The movement is at once subtle and wild; impotent and alluring. Motifs of flapping wings and guttural groans situate us deep within an imaginary zoo, where the fleshy bodies both embody and beckon bestial spirits. Abaffy’s works often look like choreographed chaos, which doesn’t always hit the mark. But here, with the obvious undercurrent of animalistic energy, her style impresses.

A scene from 'A Bestiary of Unimaginable Animals', choreographed by Nana Biluš Abaffy.
A scene from 'A Bestiary of Unimaginable Animals', choreographed by Nana Biluš Abaffy.

First appearing in last year’s Keir Choreographic Award, Rebecca Jensen returns with a full-length version of Slip at Northcote Town Hall. Dressed in a medieval gown with thigh-high leather boots, Jensen opens with a curious scene of everyday actions – pouring water into a glass or unzipping a bag – while an on-stage foley artist (Aviva Endean) recreates heightened versions of the audio with uncanny likeness. Before long, the trick is inverted, as the distance between image and sound becomes stretched and warped. 

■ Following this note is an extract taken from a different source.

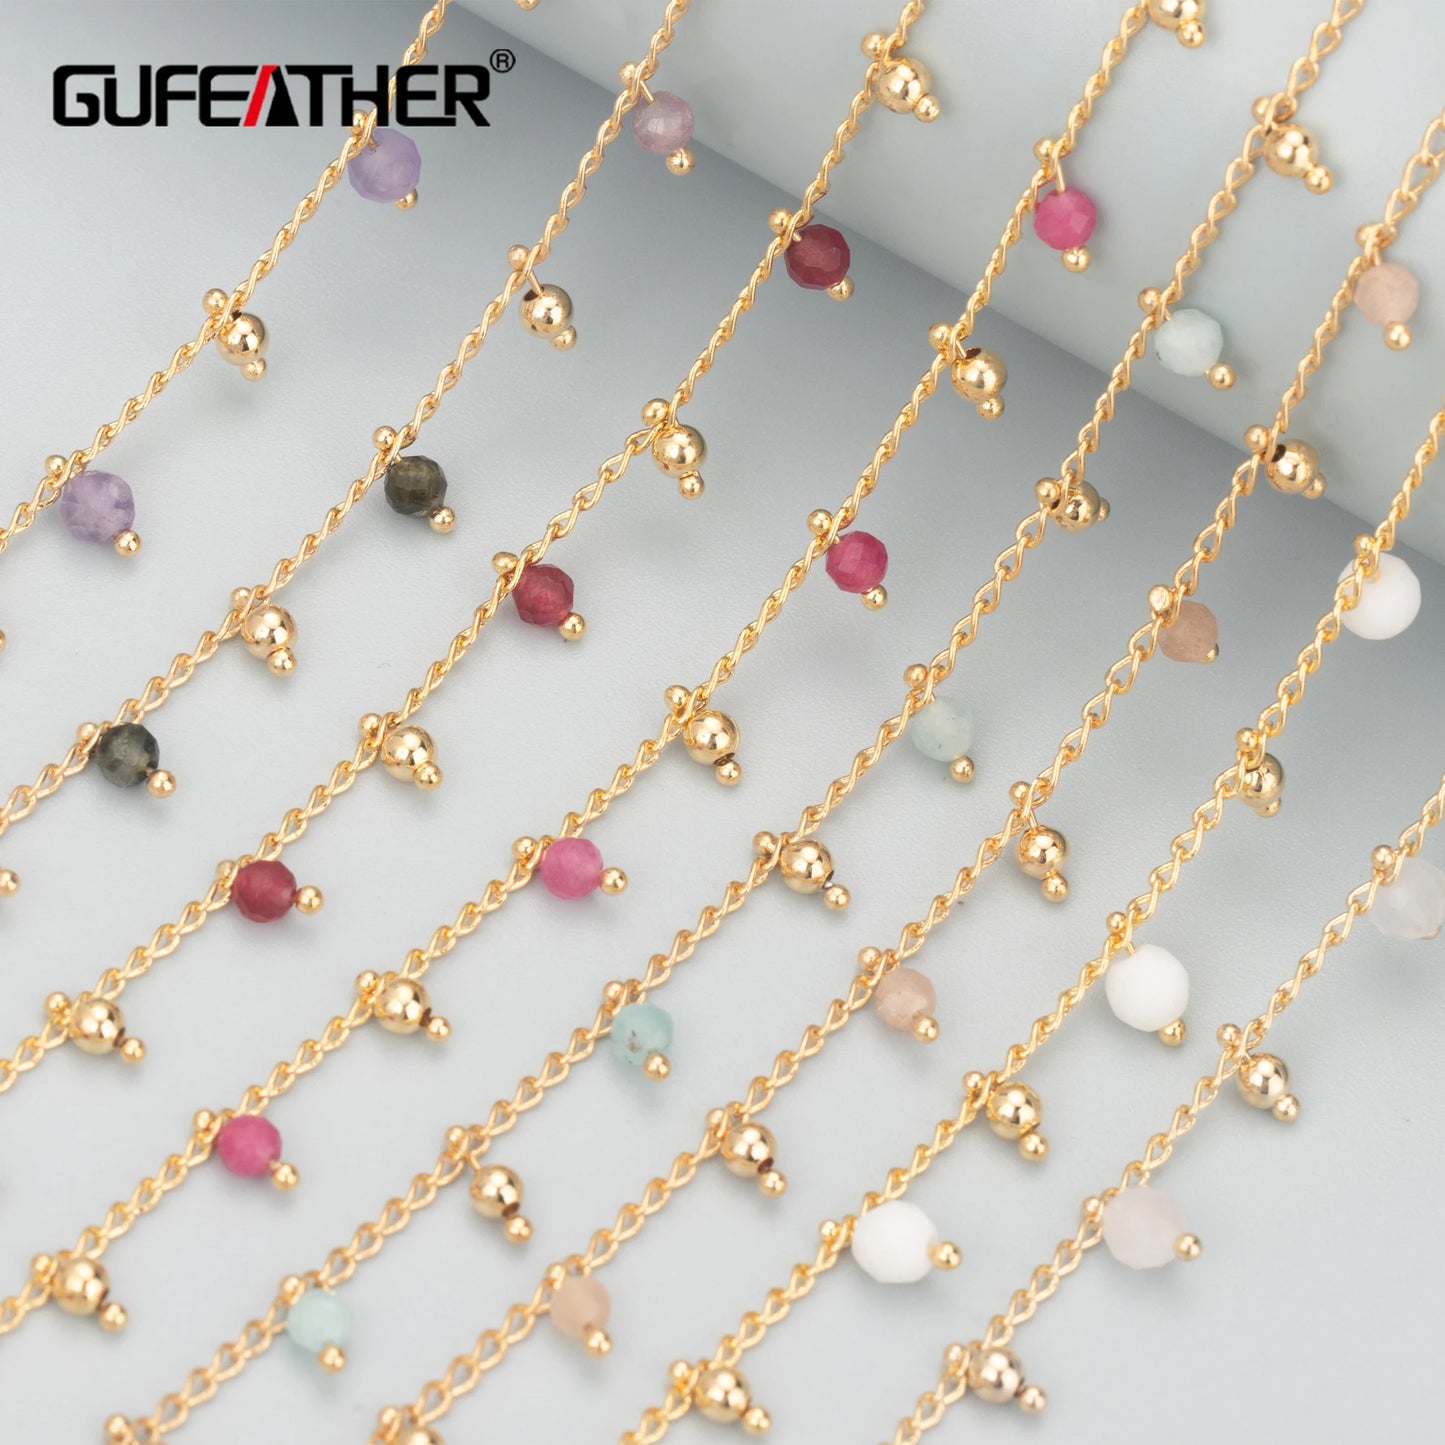 GUFEATHER C59,jewelry accessories,pass REACH,nickel free,18k gold plated,copper metal,natural stone,diy chain necklace,1m/lot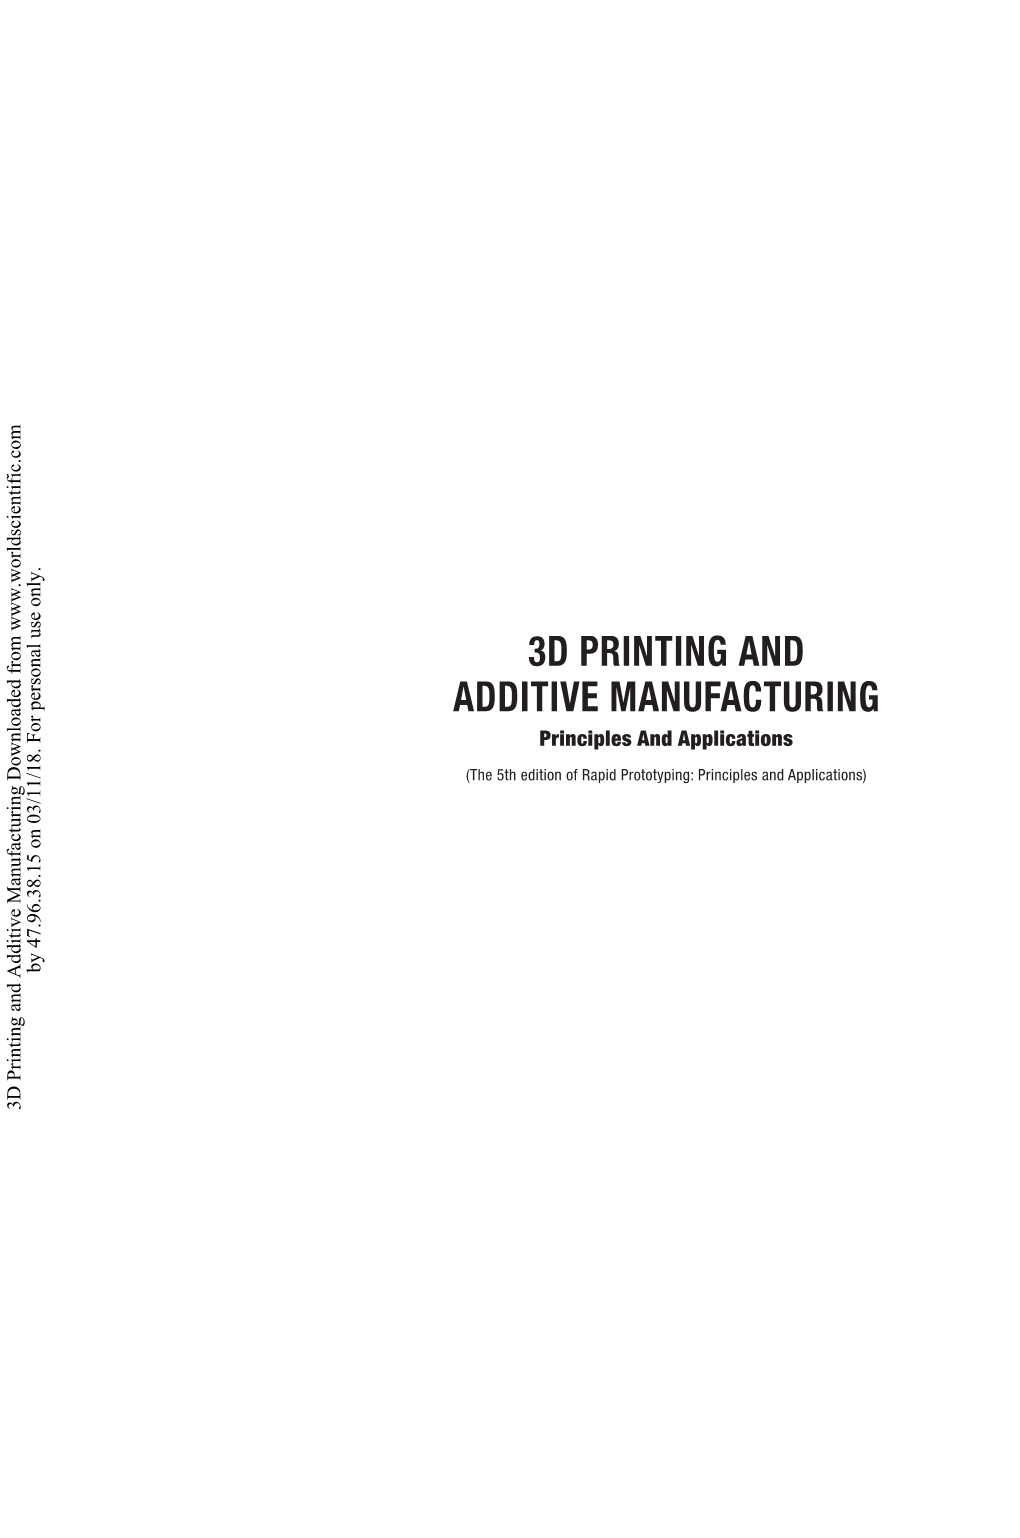 3D PRINTING and ADDITIVE MANUFACTURING Principles and Applications

Jensen flirts with the massive and the molecular, distorting the hierarchy of how we receive and process information. The crinkle of a chip packet is made to sound like the Earth splitting open, while a simple movement phrase is radically transformed when repeated in different costuming. Slip is a deeply satisfying work, cleverly constructing synthetic worlds in which Jensen, with great urgency and skill, attempts to refocus our attention.

Progress Report also played in the opening week of FRAME. You can read Dance Australia’s review of its Adelaide premiere in August 2021 here.

– RHYS RYAN

FRAME plays until 2 April, 2023, at various venues around Melbourne.